For me, I wish Design Hub were taller, for at skyscraper height it would be truly remarkable, with its nebulous skin all but vanishing into the clouds.

This special issue is a departure for AR – for the first time we want to give our readers an opportunity to see a selected list of projects, side by side, from the hand of a single architect. Sean Godsell, it seemed to me, was the ideal architect to launch this idea. He is nothing if not single-minded. Determined and resolute, his buildings, particularly his rural and coastal houses – each a muscular structural performance, hidden behind veils of rusted steel lattice, sliding panels and remote controlled operable screens – work hard to manipulate enclosure and views, experiences of verticality and horizontality, control of temperature and air movement, light and shadow. “I like simple form and I like understatement,” he has said. “I don’t like figurative buildings and I don’t like allegory in architecture and I don’t like expressionism.”

Nic Dowse, graduate architect and urban beekeeper, has contributed an essay on Godsell’s exploration of the verandah as a pivotal influence on his work, its history in the harsh Australian condition and its role in traditional Japanese architecture. (Read also his incisive review of Godsell’s MPavilion at assemblepapers.com.au).

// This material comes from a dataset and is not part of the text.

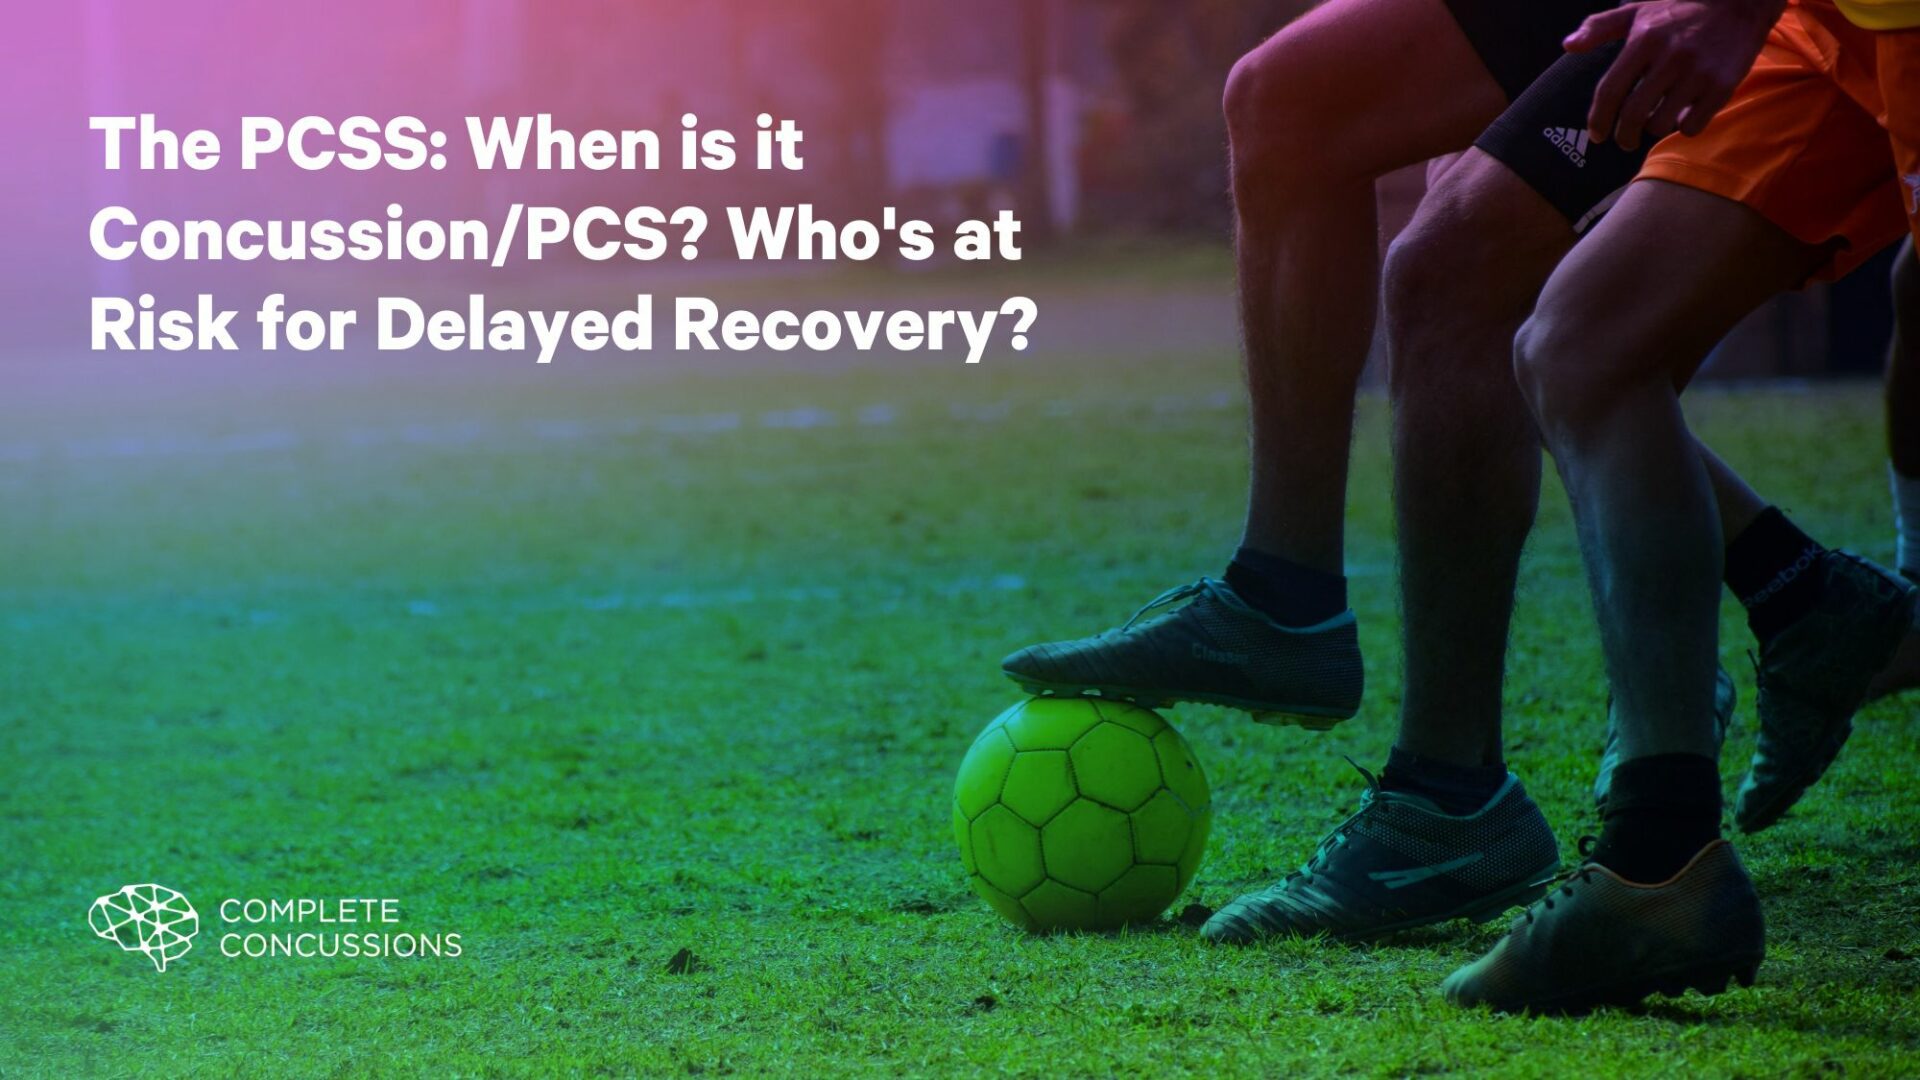 The PCSS: When is it Concussion/PCS? Who’s at Risk for Delayed Recovery?

Godsell too has written an essay, ‘Thinking, Making’, offering insight into a way of working and a way of making architecture. For the four projects featured, Godsell himself provides the words to best describe each of these projects, alongside photographs by Earl Carter and Godsell’s own exquisite sketches and working drawings.

As I said earlier, this idea takes AR in a new direction. I hope you enjoy it.